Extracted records
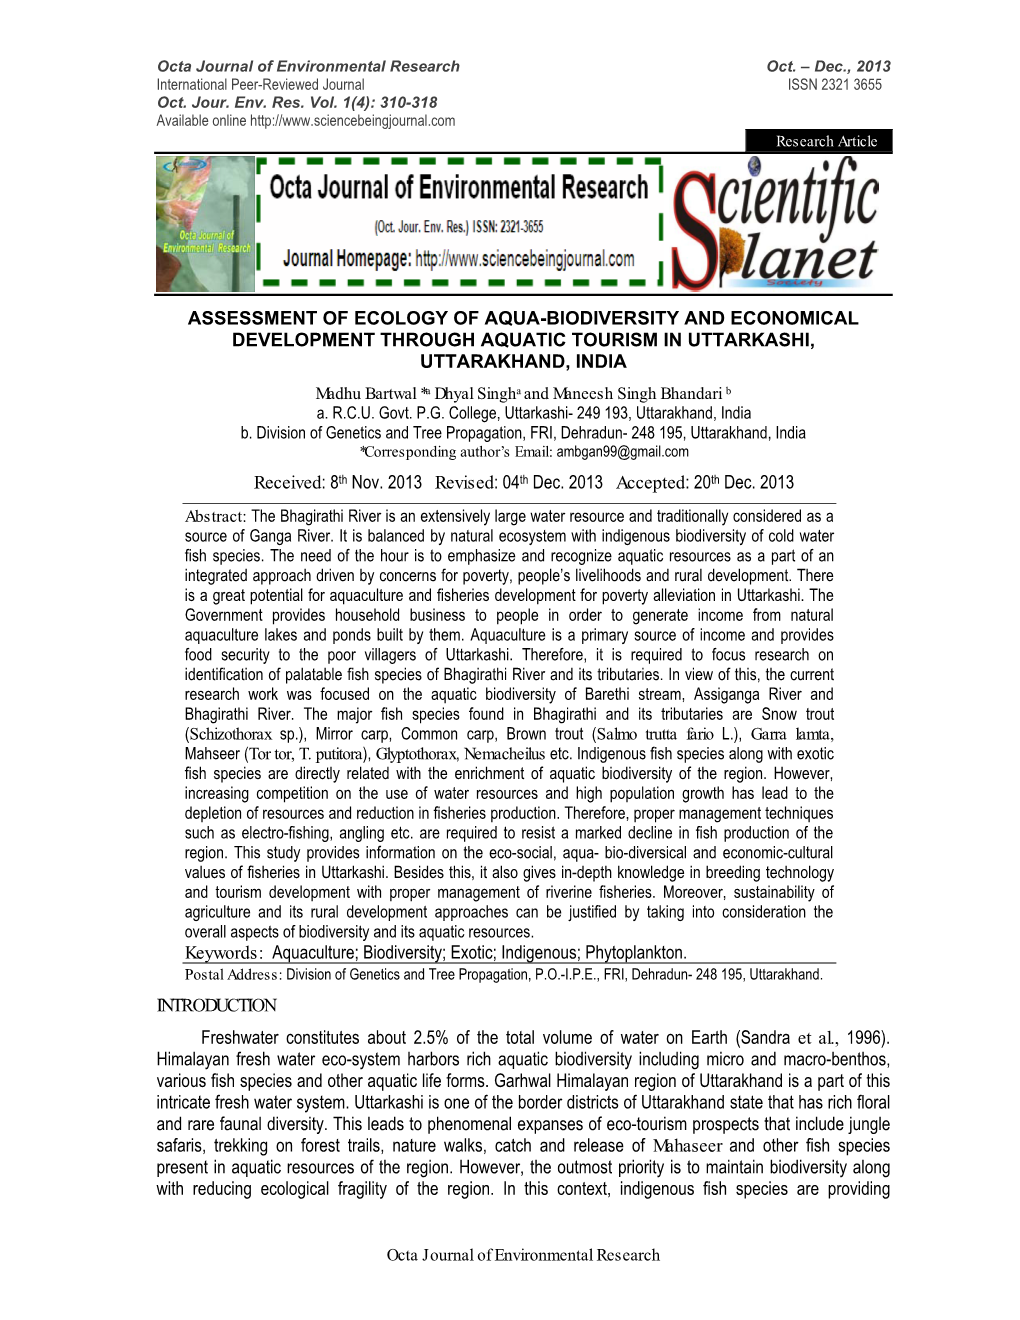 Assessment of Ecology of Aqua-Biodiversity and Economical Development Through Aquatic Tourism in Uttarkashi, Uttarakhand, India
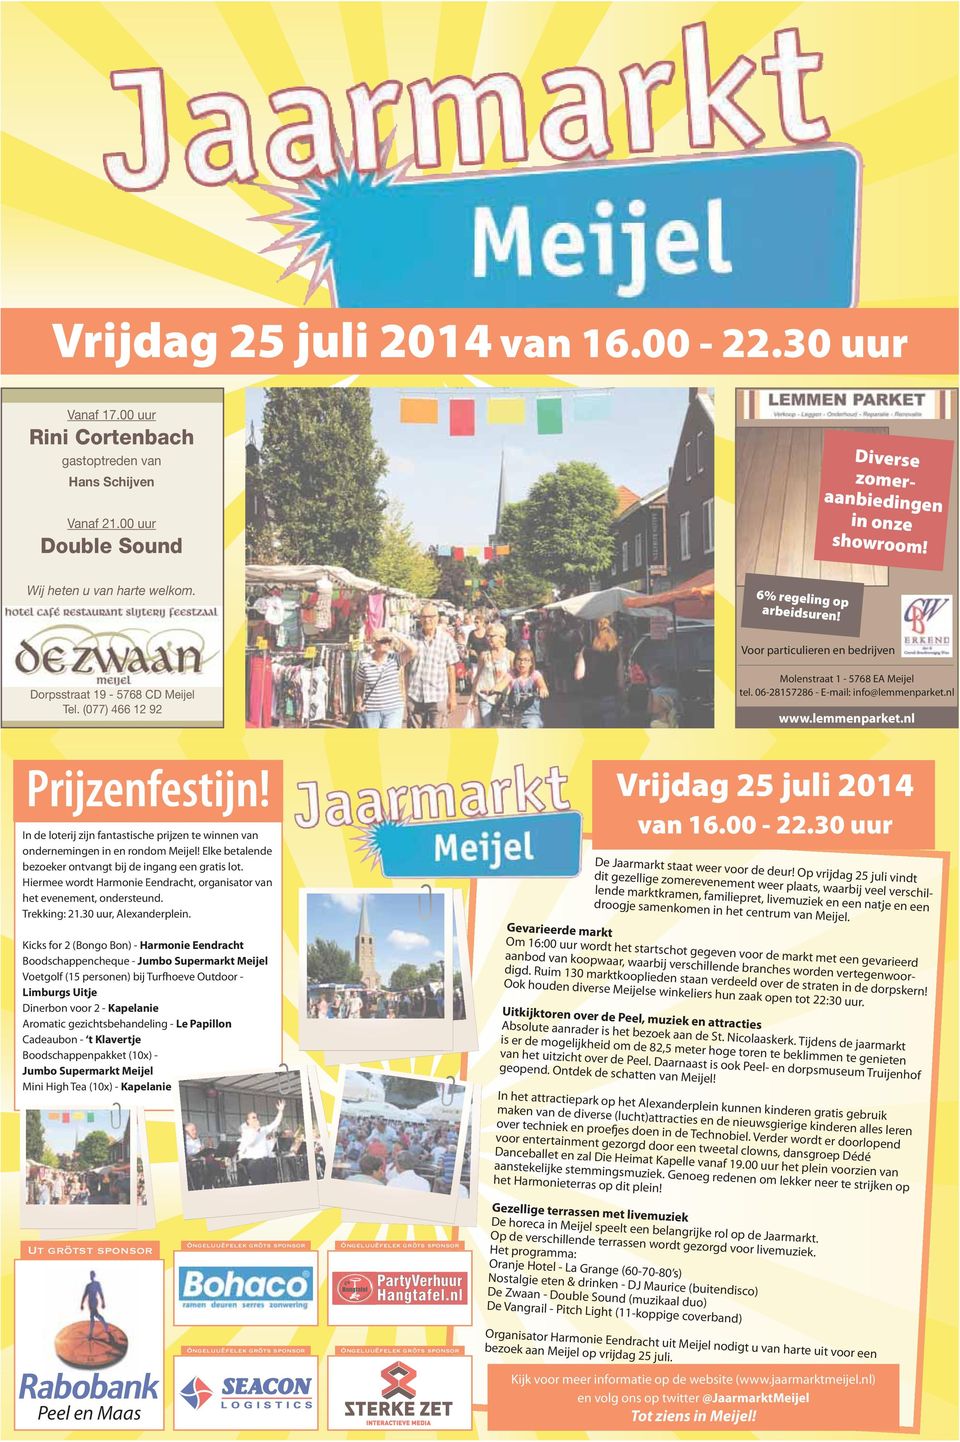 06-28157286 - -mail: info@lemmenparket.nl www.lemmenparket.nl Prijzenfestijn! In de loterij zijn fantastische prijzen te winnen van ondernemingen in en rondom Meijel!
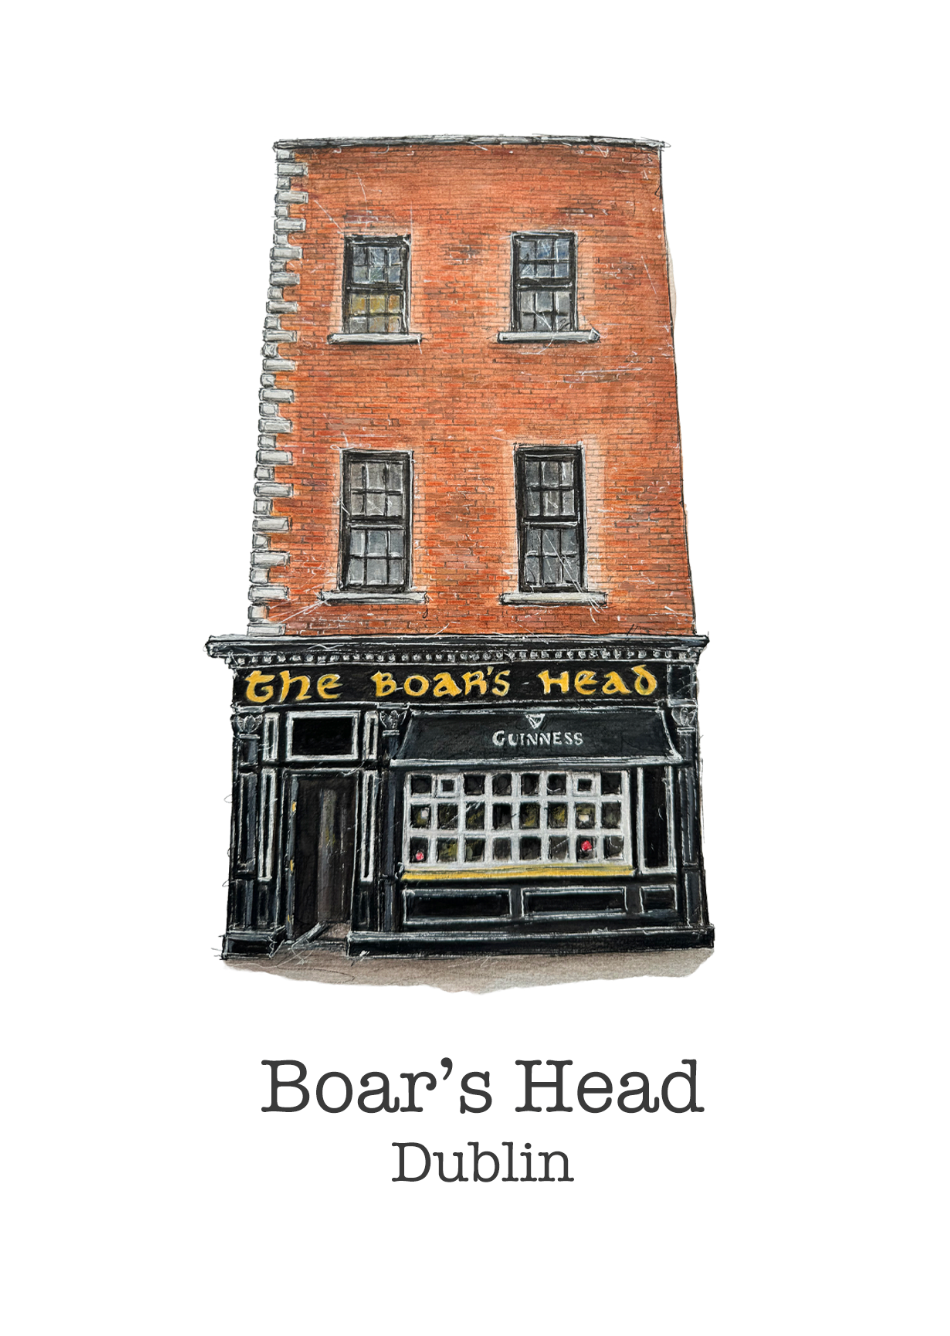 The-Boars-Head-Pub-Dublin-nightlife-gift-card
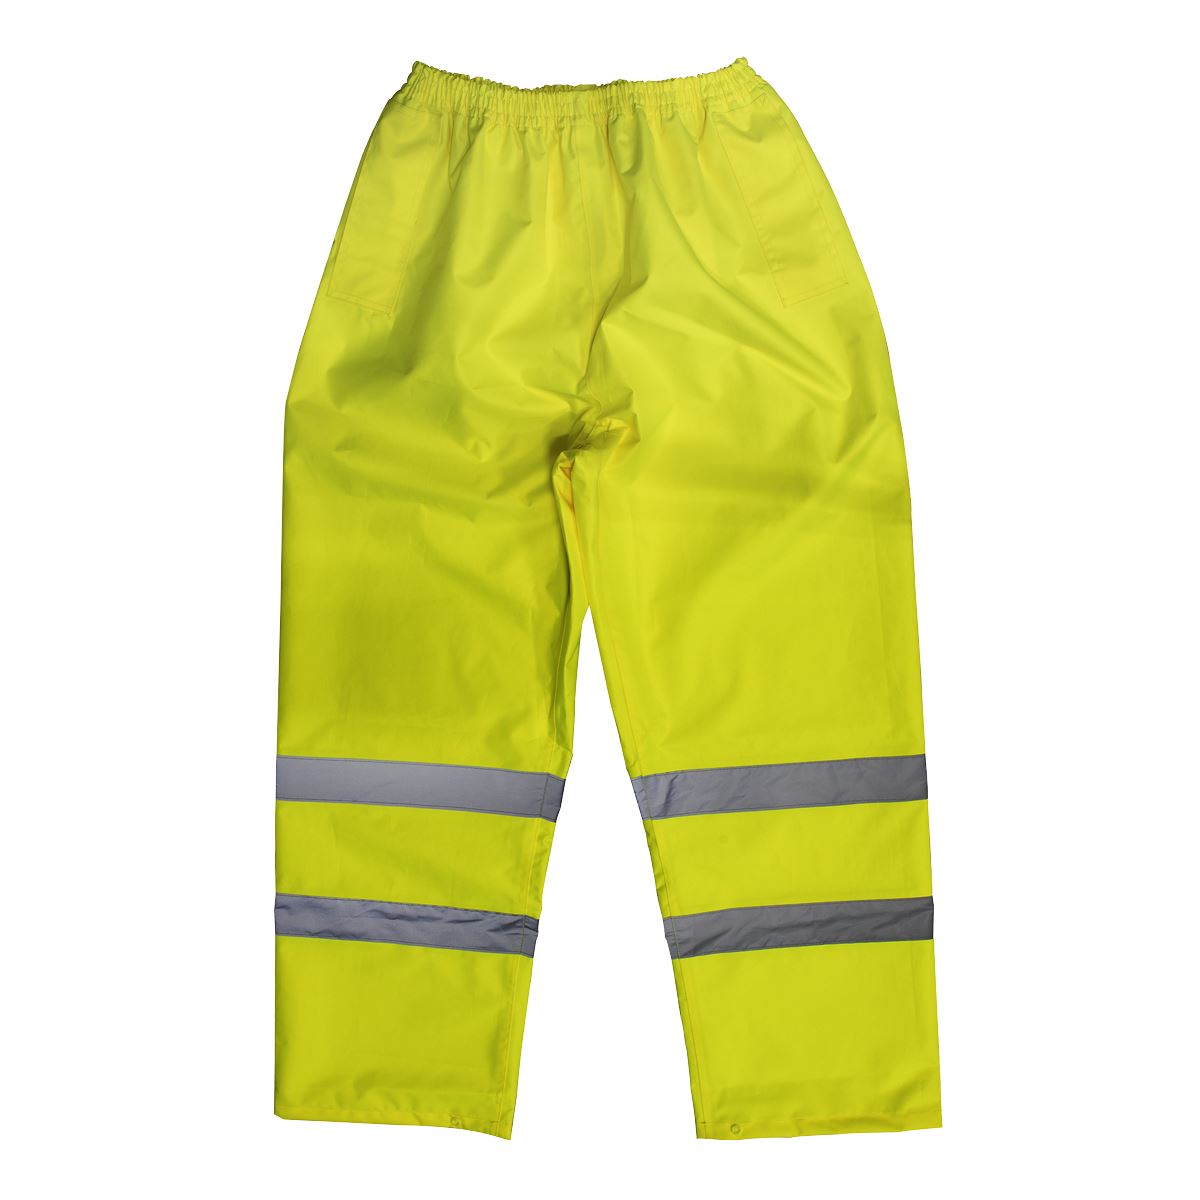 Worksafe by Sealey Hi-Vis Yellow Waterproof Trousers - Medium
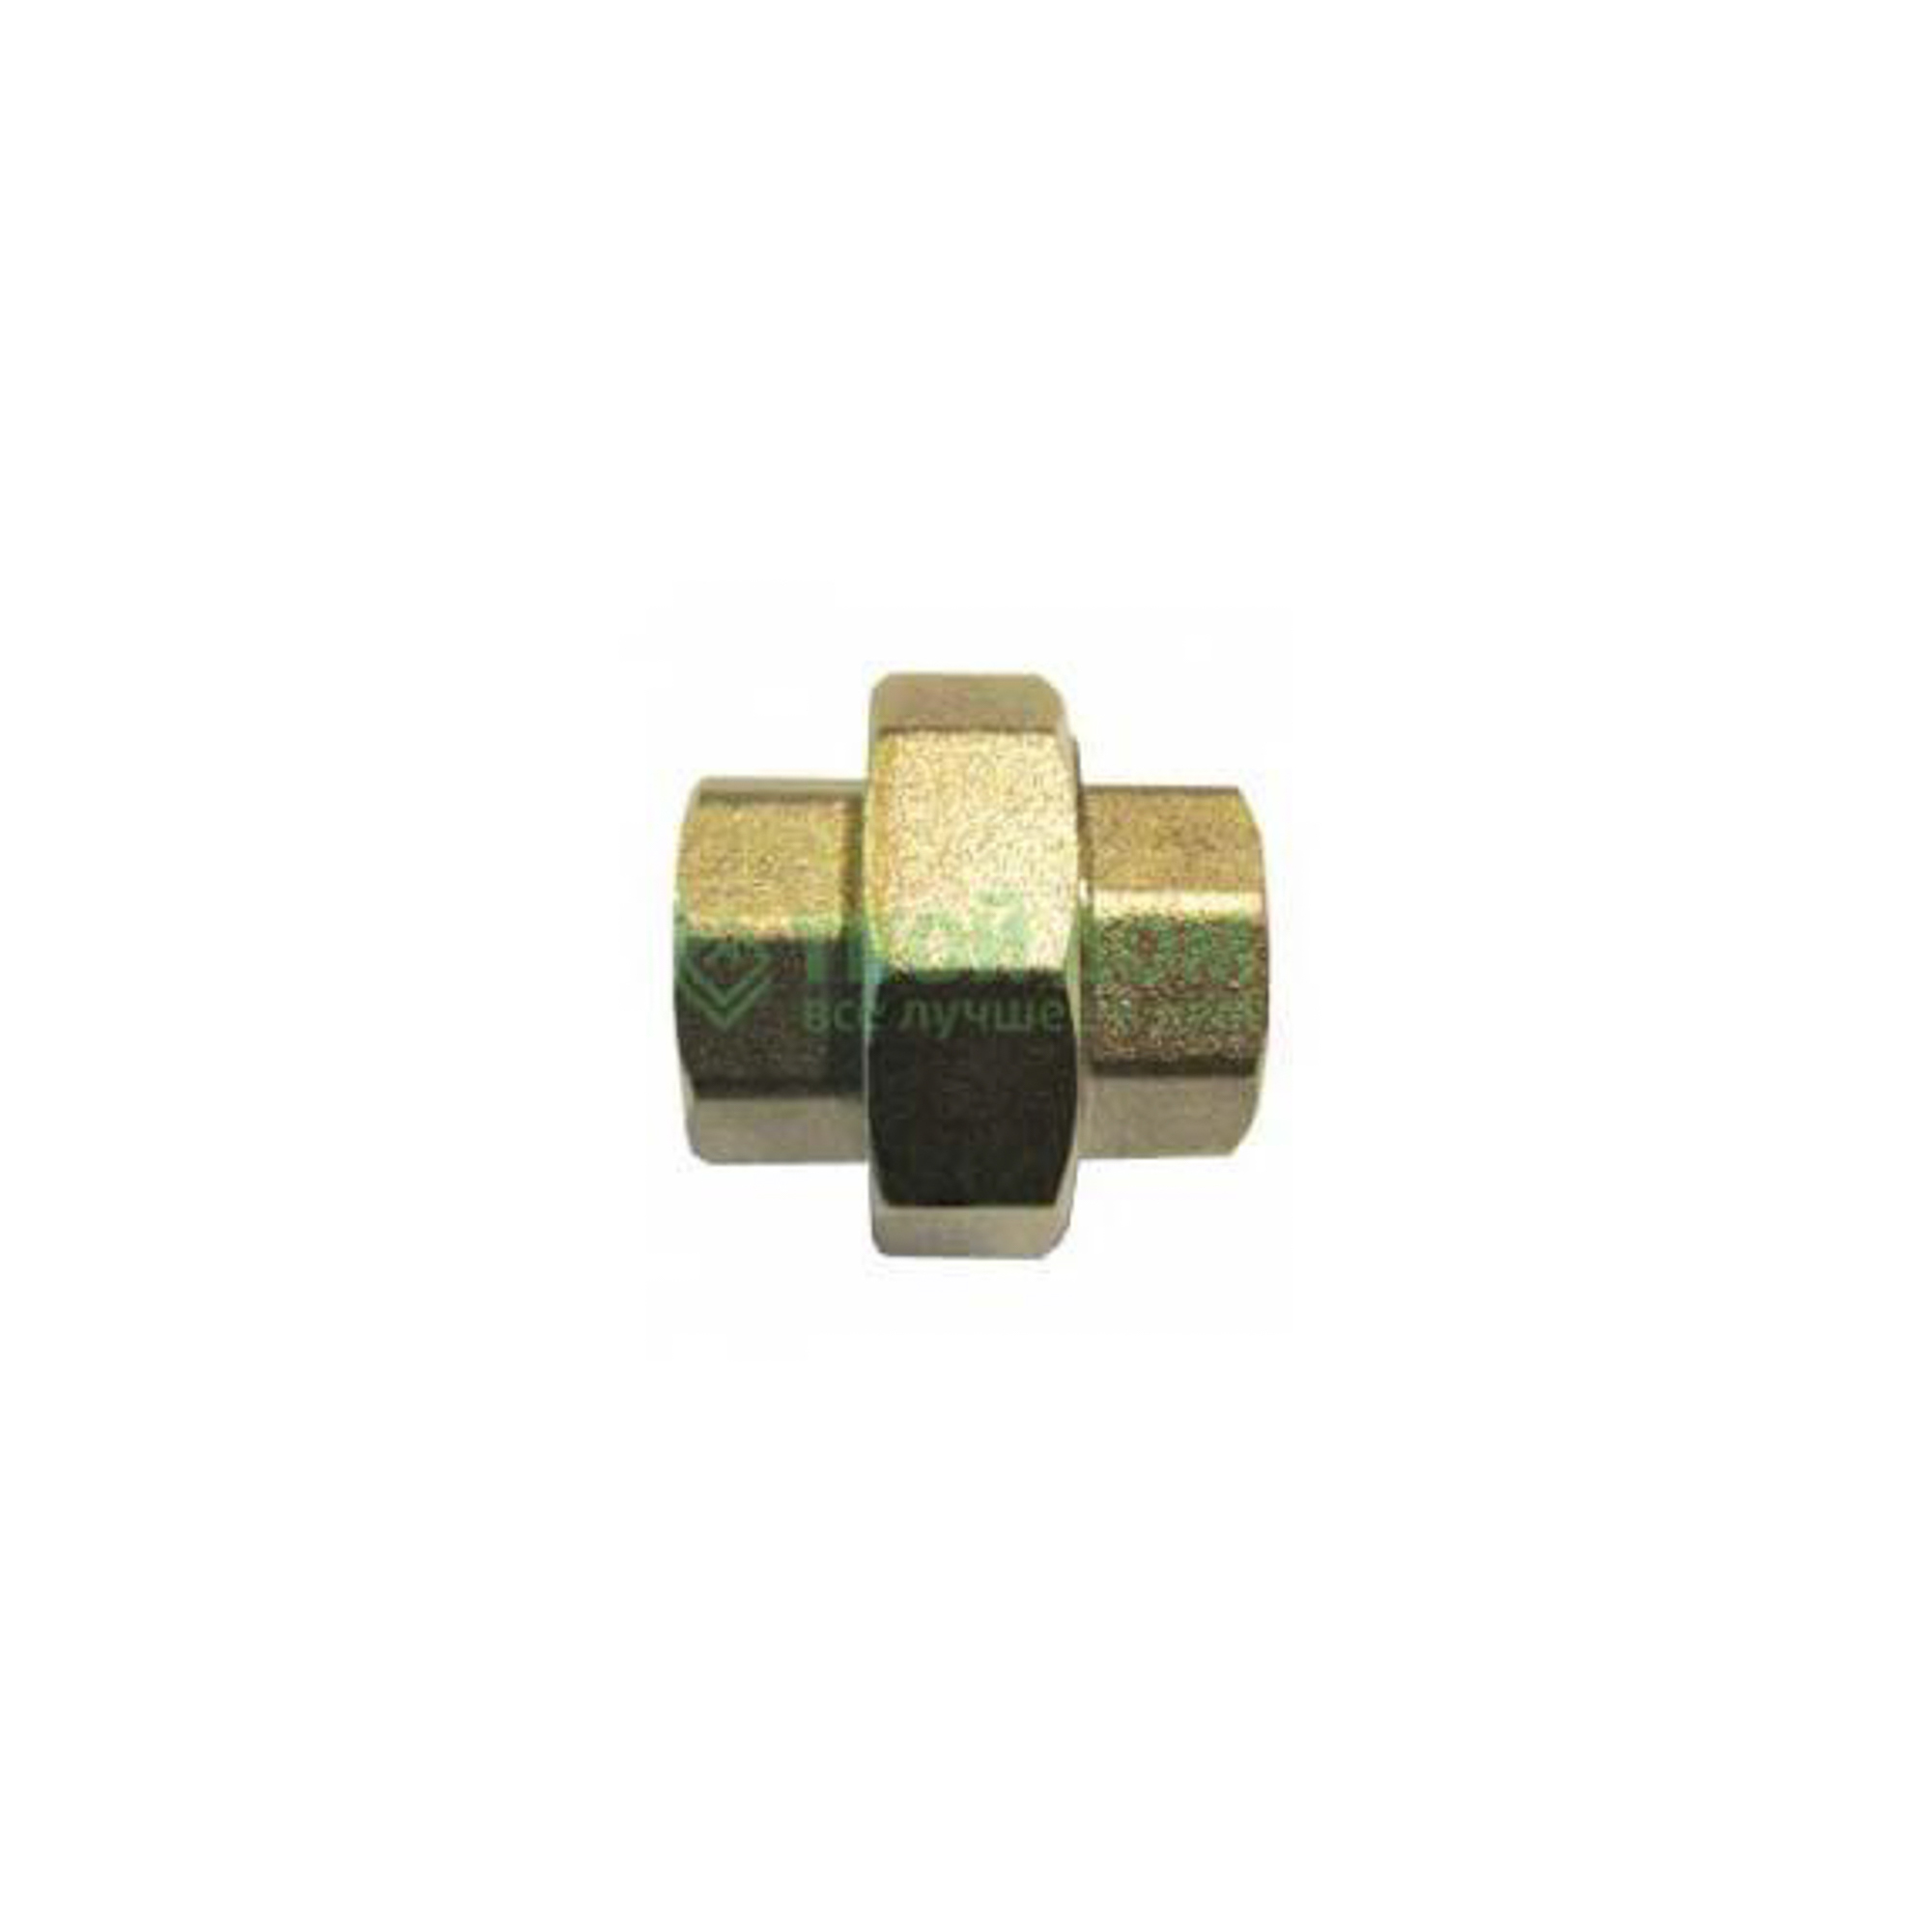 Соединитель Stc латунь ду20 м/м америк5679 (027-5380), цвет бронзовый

**What you are asked to do**. Both the line containing "Worksafe by Sealey" and the last line of the records above belong in the exact copy, along with every line between them; pictures do not.

**Output below**.
 Worksafe by Sealey Hi-Vis Yellow Waterproof Trousers - Medium
 Соединитель Stc латунь ду20 м/м америк5679 (027-5380), цвет бронзовый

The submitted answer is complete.